2. Name the molecular or genetic target that you propose to study. Examples of molecular targets include individual genes and proteins, DNA and RNA sequences, or broader -omics approaches. (Maximum 30 words)

I would study existing well-characterized genetic circuits such as the Repressilator and Toggle Switch. I might also look at very simple systems expressing only a reporter, and potentially with varying control systems (constitutive expression vs. inducible expression, etc).

3. Describe how your molecular or genetic target relates to the space biology question or challenge your proposal addresses. (Maximum 100 words)

The above circuits would allow me to easily benchmark their performance under space conditions via comparison with their performance under typical laboratory conditions. I would use RNA sequencing and analyze reporter expression via spectrophotometry and other fluorescence measurements in order to identify differences in performance and characterize performance under different space-like conditions.

4. Clearly state your hypothesis or research goal and explain the reasoning behind it. (Maximum 150 words)

My research goal is to characterize circuit performance (in cell-free systems) under a variety of space-like conditions, varying the circuit design and space conditions of interest. My results will inform future cell-free system applications in space and will also generate foundational knowledge about the effect of space on circuit behavior–independently of a bacterial chassis.

5. Outline your experimental plan - identify the sample(s) you will test in your experiment, including any necessary controls, the type of data or measurements that will be collected, etc. (Maximum 100 words)

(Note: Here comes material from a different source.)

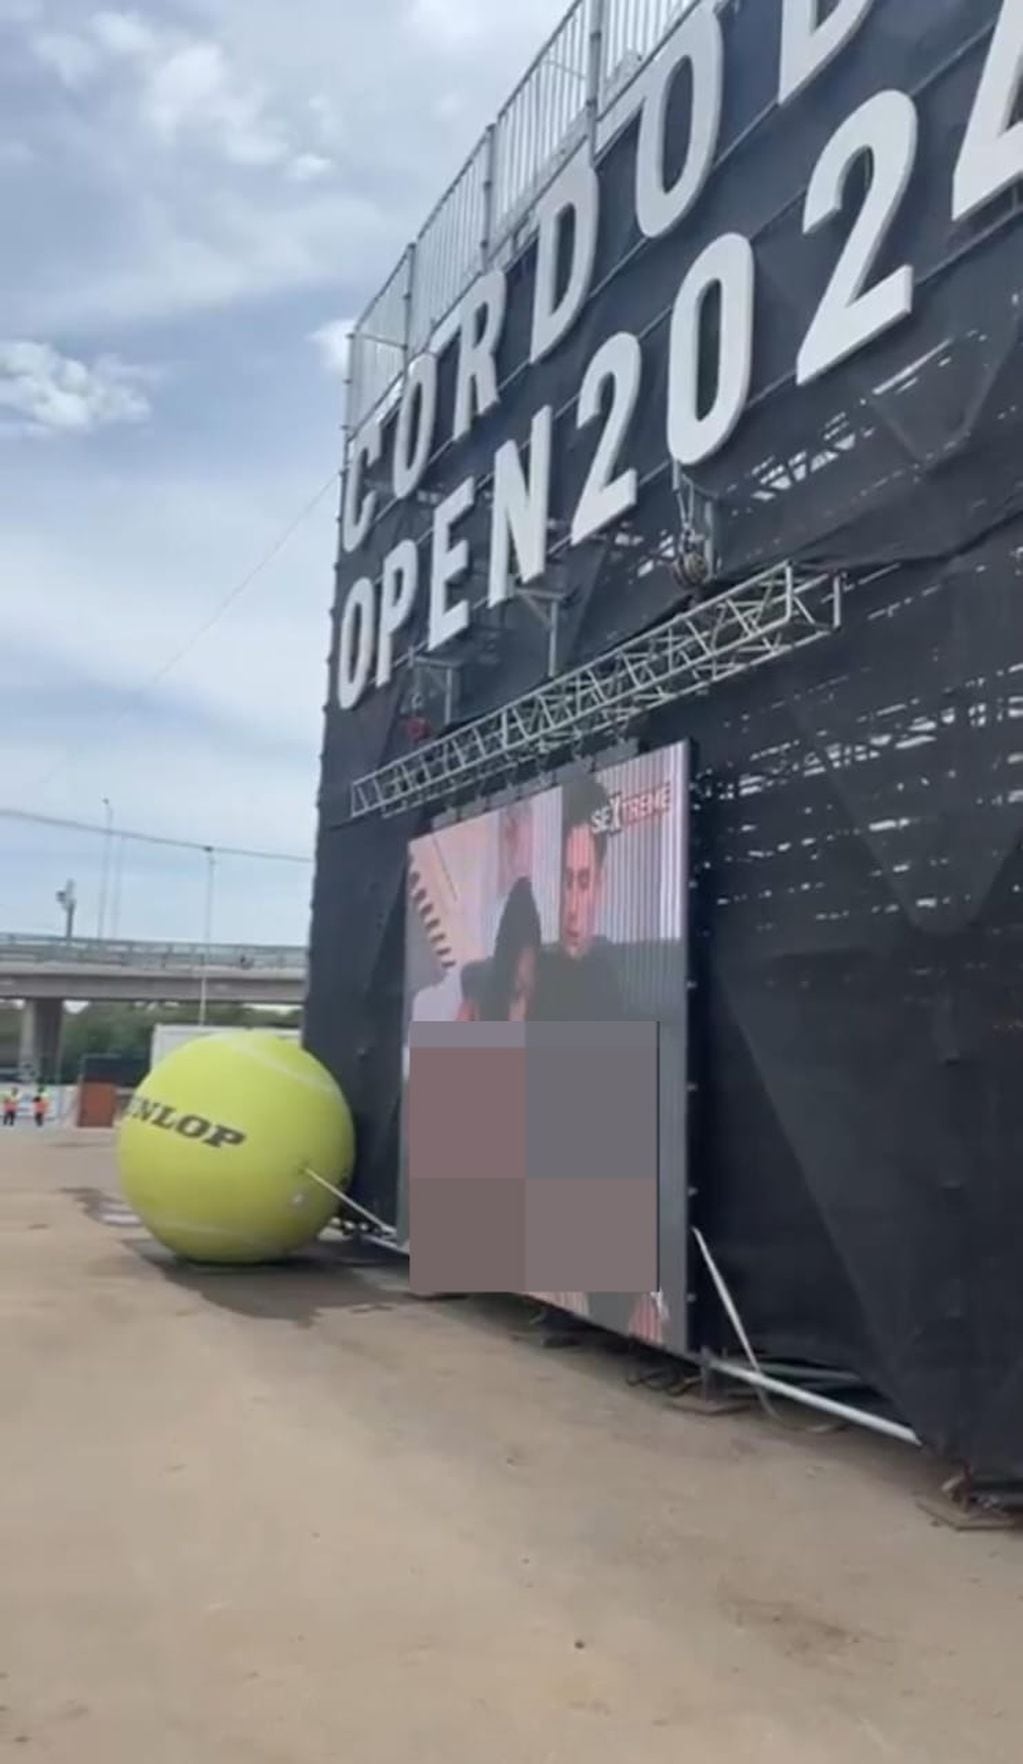 Hackearon una de las pantallas del Córdoba Open de tenis, y expusieron imágenes pornográficas.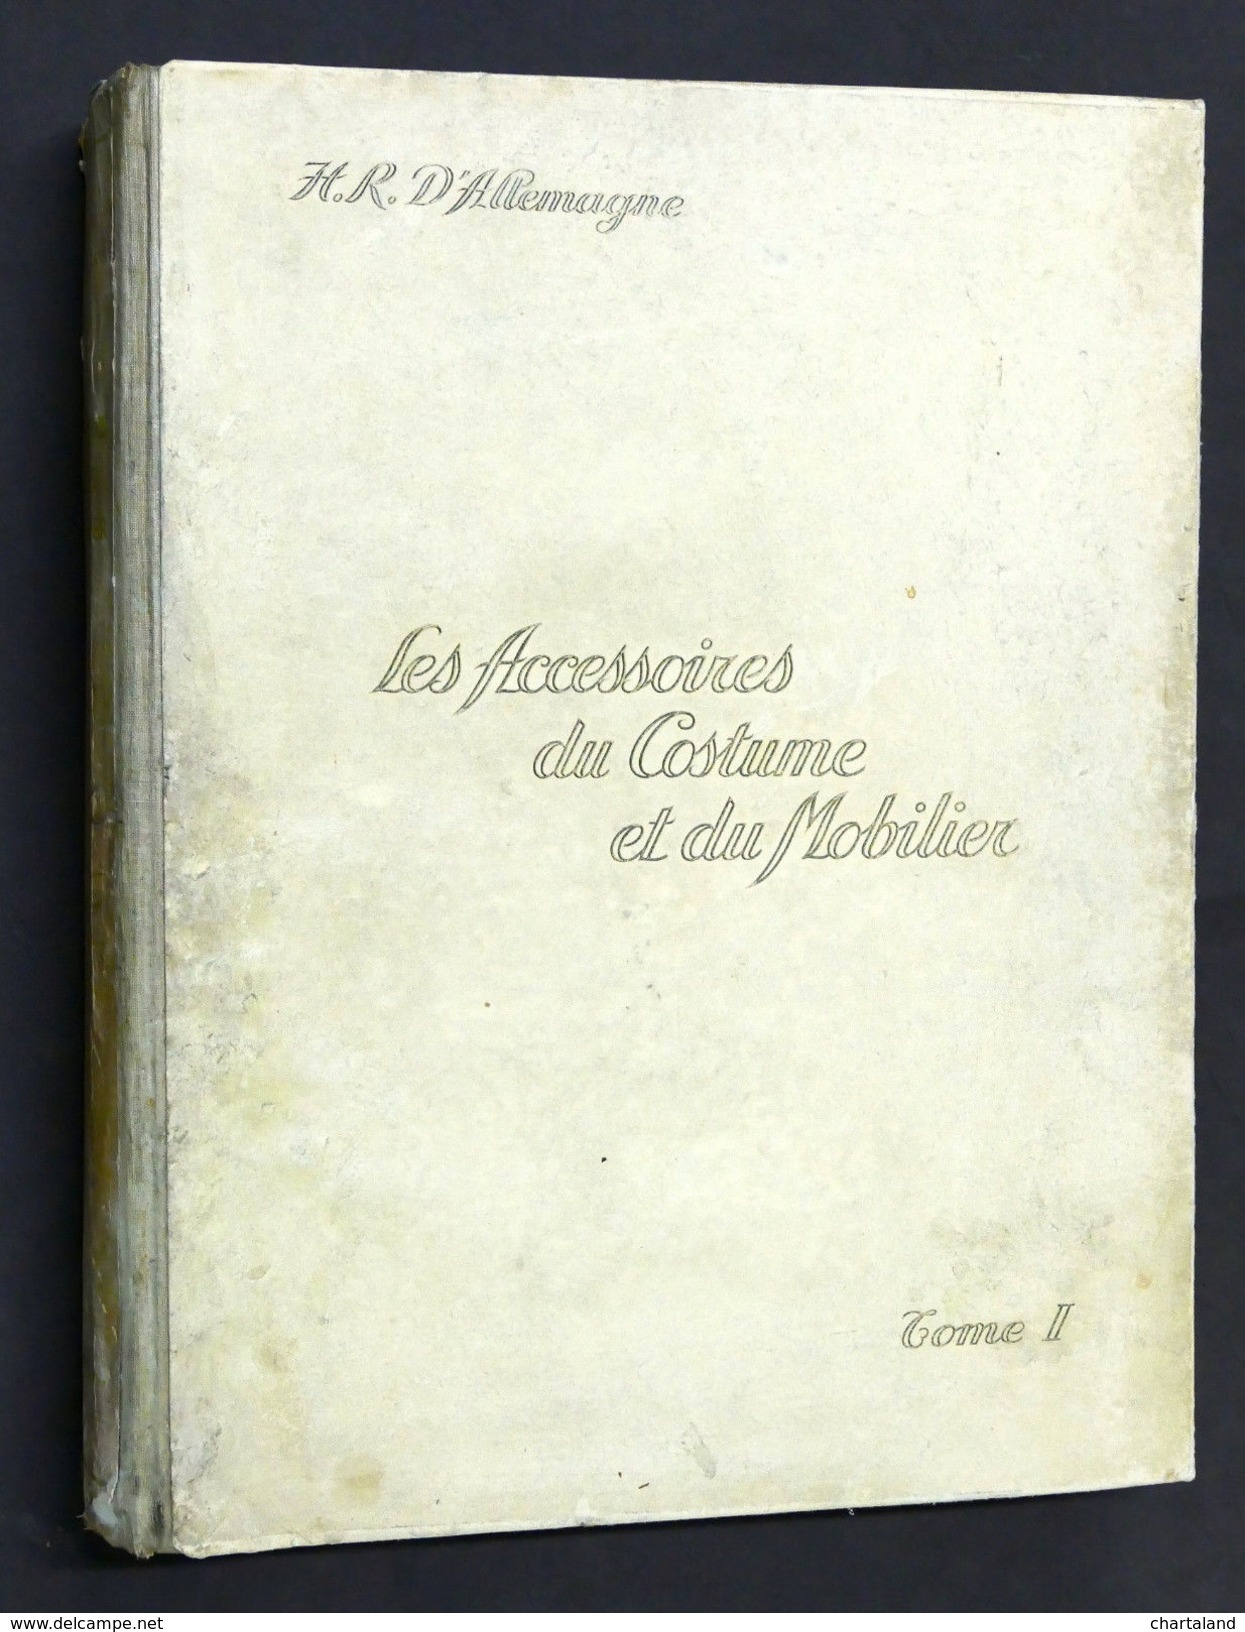 Arredamento Accessori Moda - Les accessoires du costume e du mobiler 1^ ed. 1928

I will recreate the repressilator and toggle switch experiments, adapted to use cell free expression rather than bacterial cells, under several space-like conditions: 1) a microgravity simulator, 2) under some form of radiation, 3) under low oxygen conditions, and 4) a normal Earth laboratory setup (the control). I will collect fluorescence measurements at multiple timepoints to assess whether circuit behavior differs from the control under the different conditions. I will also perform RNA sequencing to assess the timing of gene expression of the circuits within the cell free systems and determine whether it varies across conditions.